PM POSHAN has been highly successful as a social safety net and education enabler, contributing to higher enrolment/retention (especially post-2001 Supreme Court mandate for cooked meals) and playing a role in India's progress toward universal elementary education. Its nutritional impact is supportive but insufficient alone to resolve India's child malnutrition challenges, due to modest per-meal norms, implementation variability, and exclusion of large segments of children.

 

RECOMMENDATIONS FOR STRONGER IMPACT

·        Extend to secondary classes and EWS children in private schools (via vouchers/DBT).

·        Increase and regularly revise cooking costs; mandate more diverse/nutrient-dense menus.

·        Scale best practices (Odisha SHG model, Rajasthan mother participation, Tamil Nadu central kitchens).

·        Full infrastructure upgrades (kitchens, LPG) and robust monitoring.

 

CONCLUSION

Overall, PM POSHAN has been a remarkable success as an education and social welfare intervention, but only a partial solution to India’s deeper child malnutrition crisis.

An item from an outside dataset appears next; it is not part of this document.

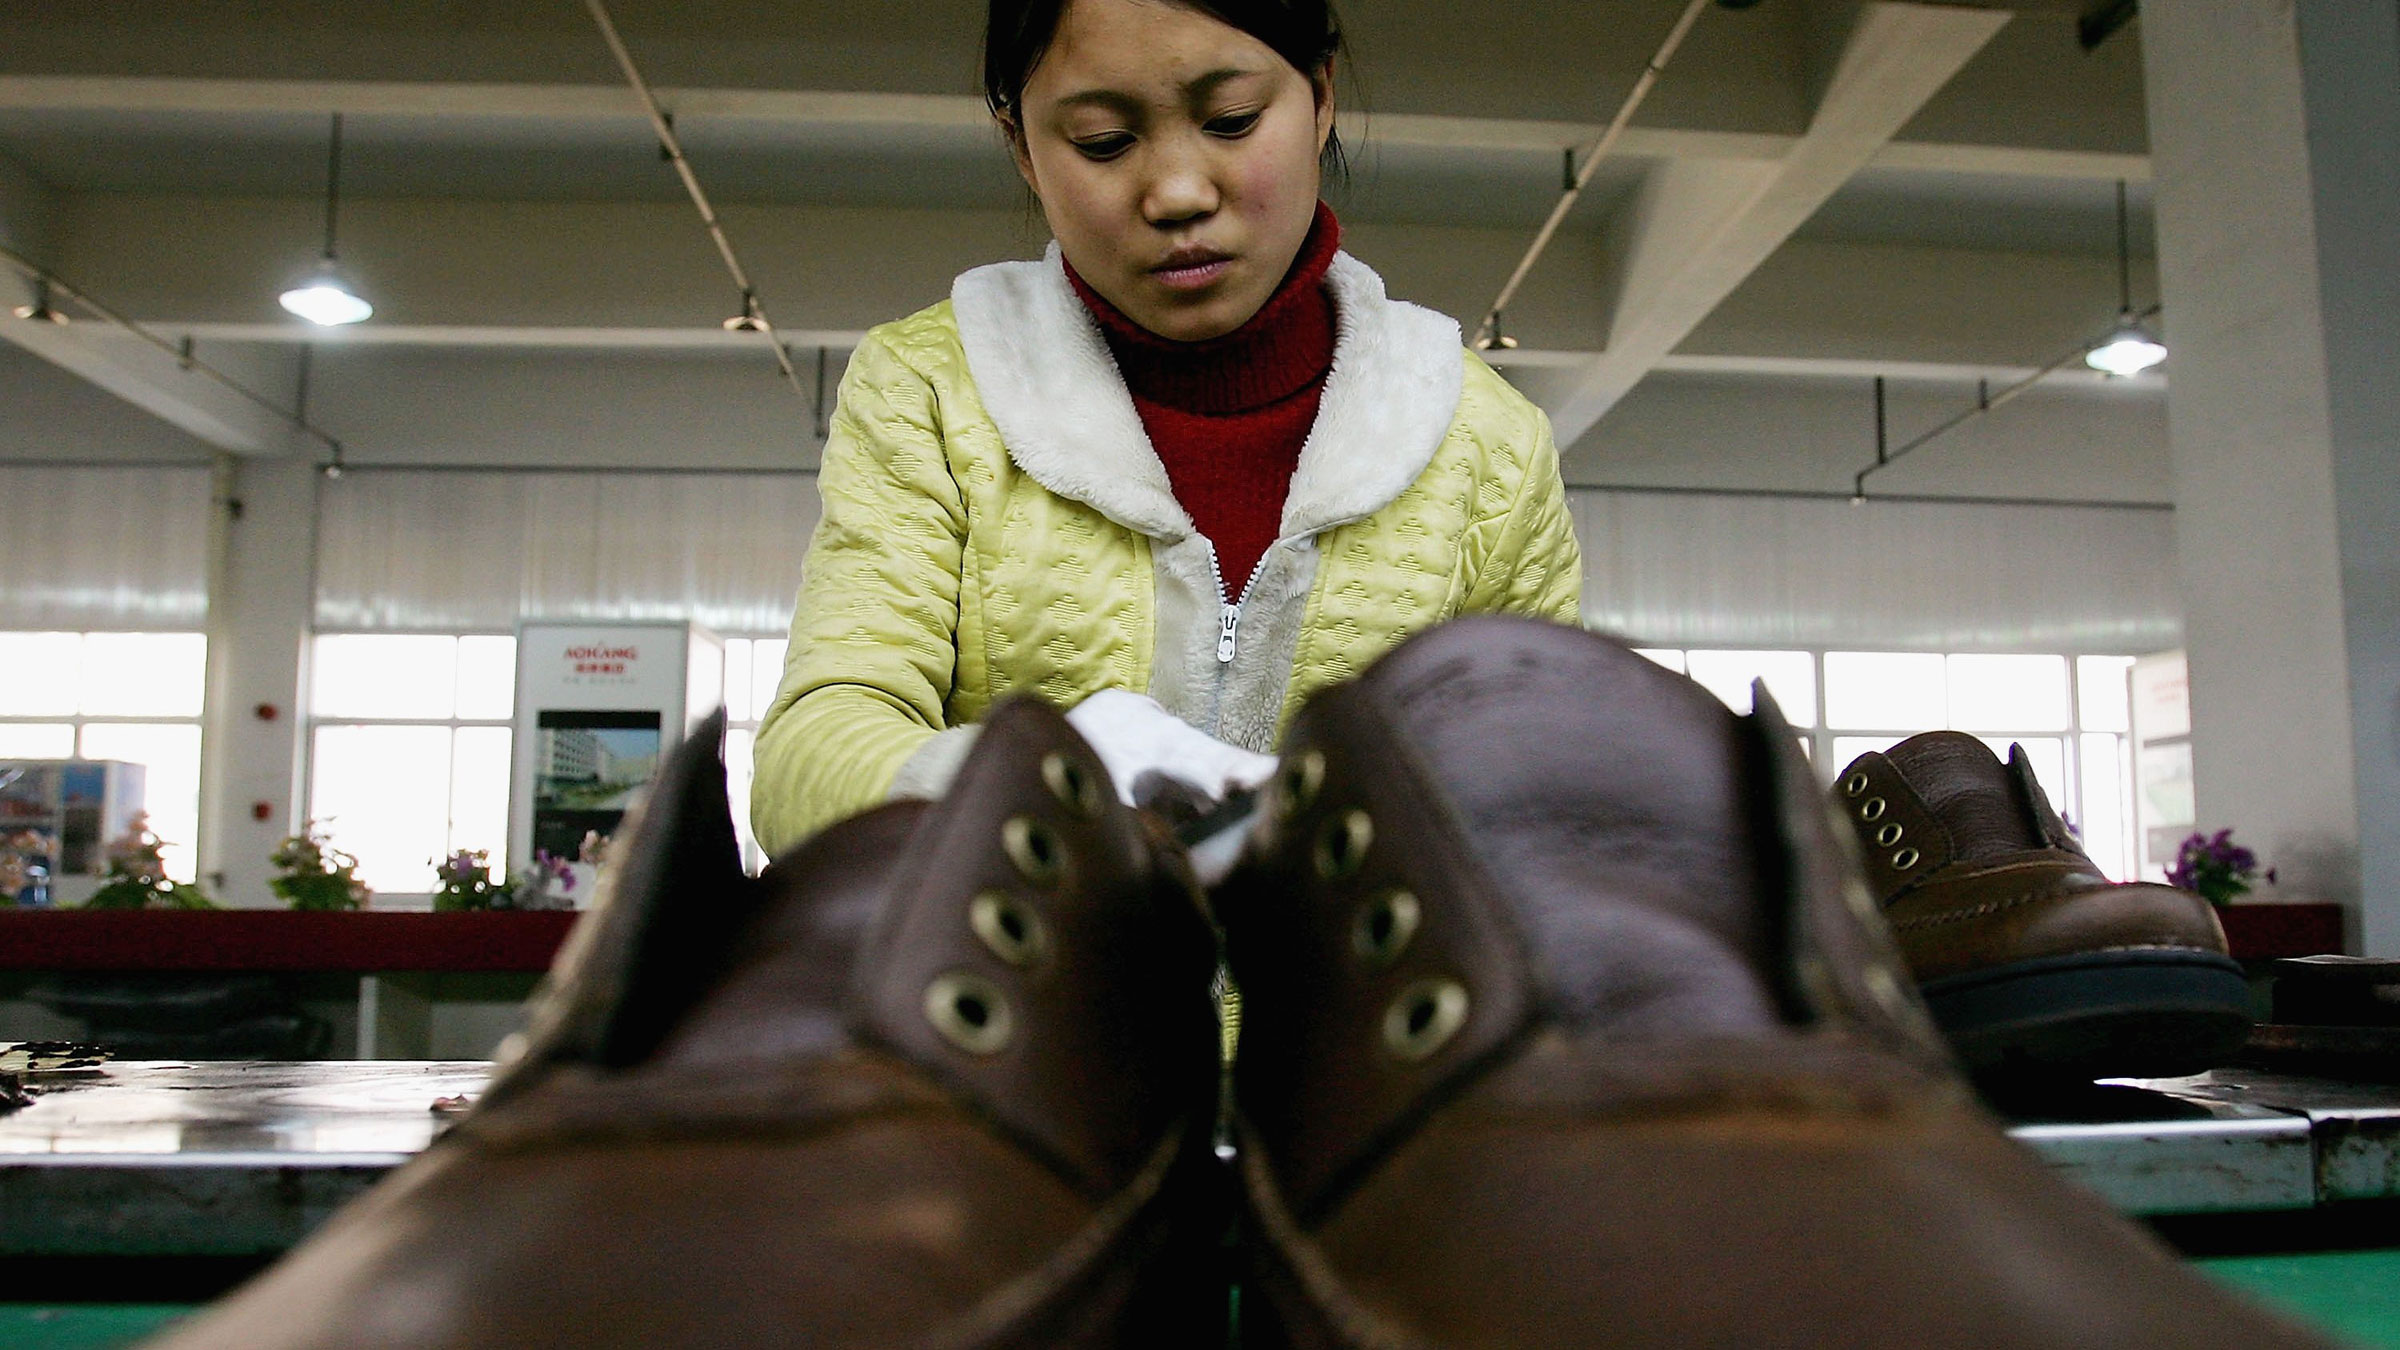 Shoe Factory China 9272012
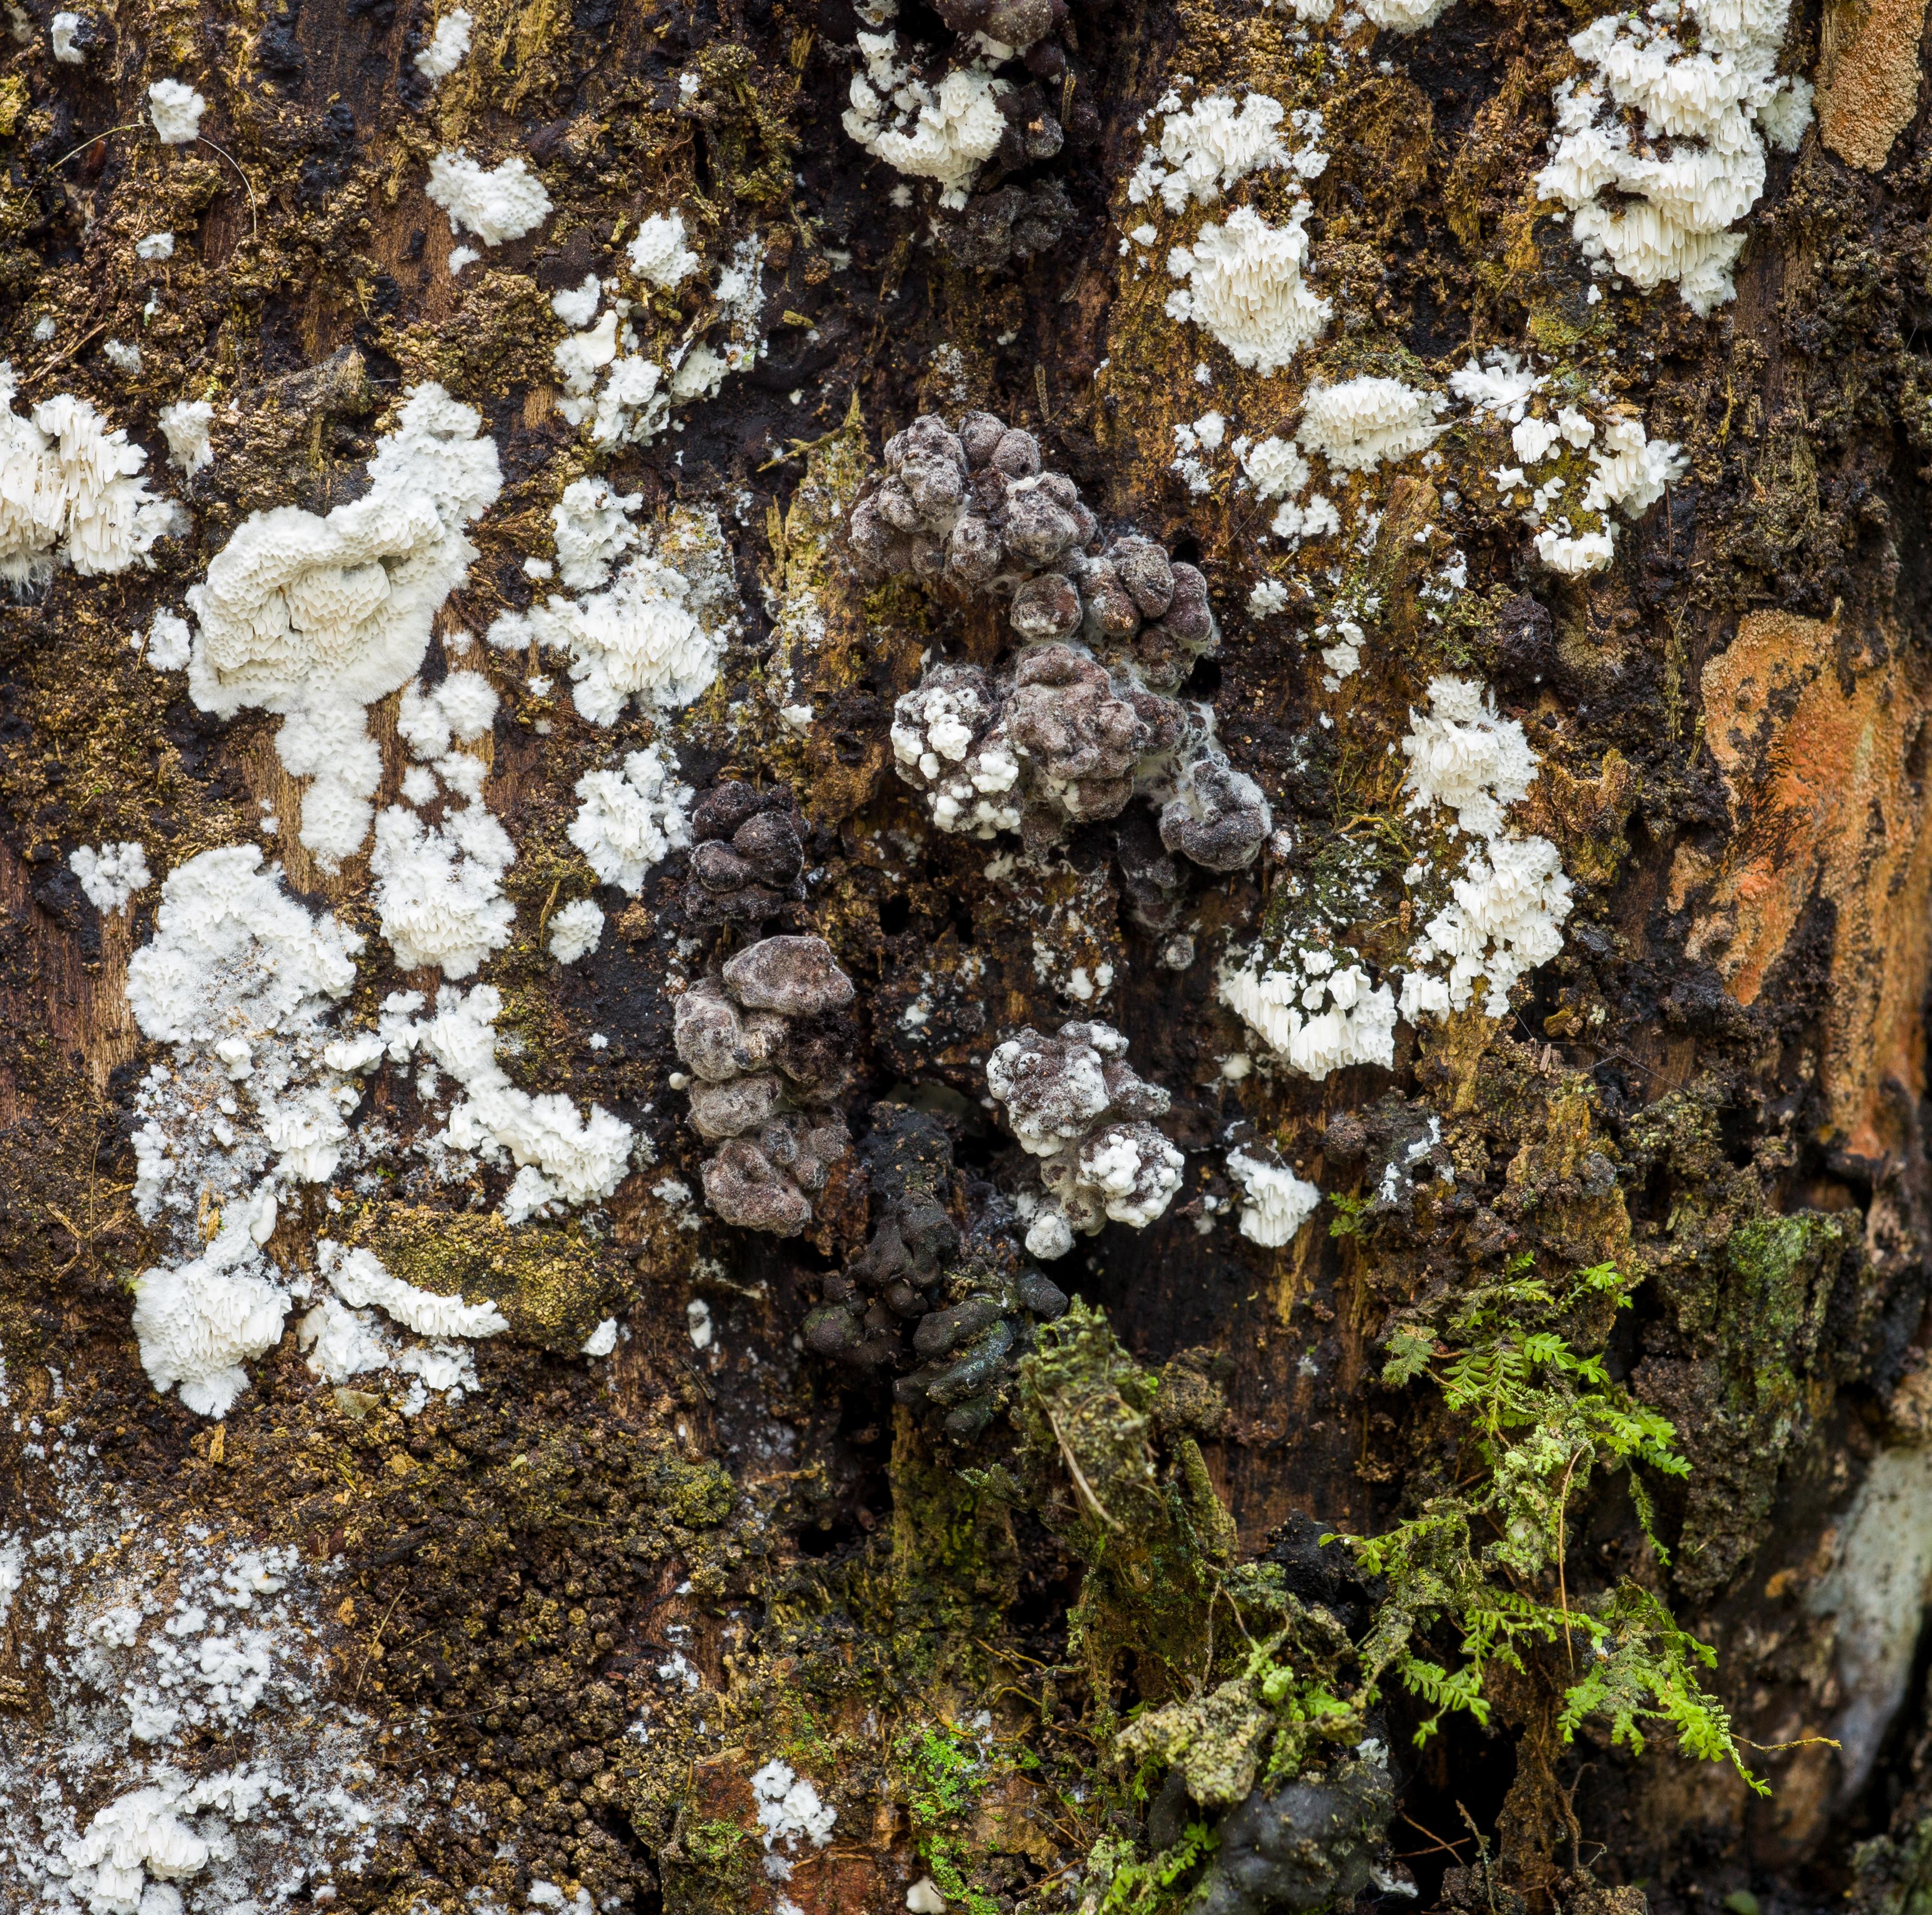 Pyrenopolyporus symphyon image

Its strength lies more in its role as a safety net and enrolment driver than as a comprehensive nutrition programme.

With regular enhancements (higher material costs, focus on millets and fortification, better monitoring), expanded coverage, and stronger convergence with schemes like POSHAN 2.0, it can deliver even greater impact in the coming years. Continued political commitment and increased investment will be crucial to make it a true “Poshan Shakti” enabler for India’s future generation.

 

 

PRACTICE QUESTIONS FOR GS 2 MAINS

1.      “PM POSHAN has evolved from a welfare programme into a multidimensional intervention linking nutrition, education, and social justice.” Critically examine the achievements and limitations of the scheme in improving human development outcomes in India.

2.      Trace the evolution of the Mid-Day Meal Scheme in India from the colonial period to the PM POSHAN initiative. How has judicial intervention shaped the expansion and institutionalisation of school feeding programmes in India?

3.      Despite being one of the world’s largest school feeding programmes, PM POSHAN faces several implementation and nutritional challenges. Discuss the major bottlenecks in the scheme and suggest reforms to improve its effectiveness.

4.      School feeding programmes are not merely nutritional interventions but instruments of social transformation. Analyse the role of PM POSHAN in promoting educational equity, gender inclusion, and social integration in India.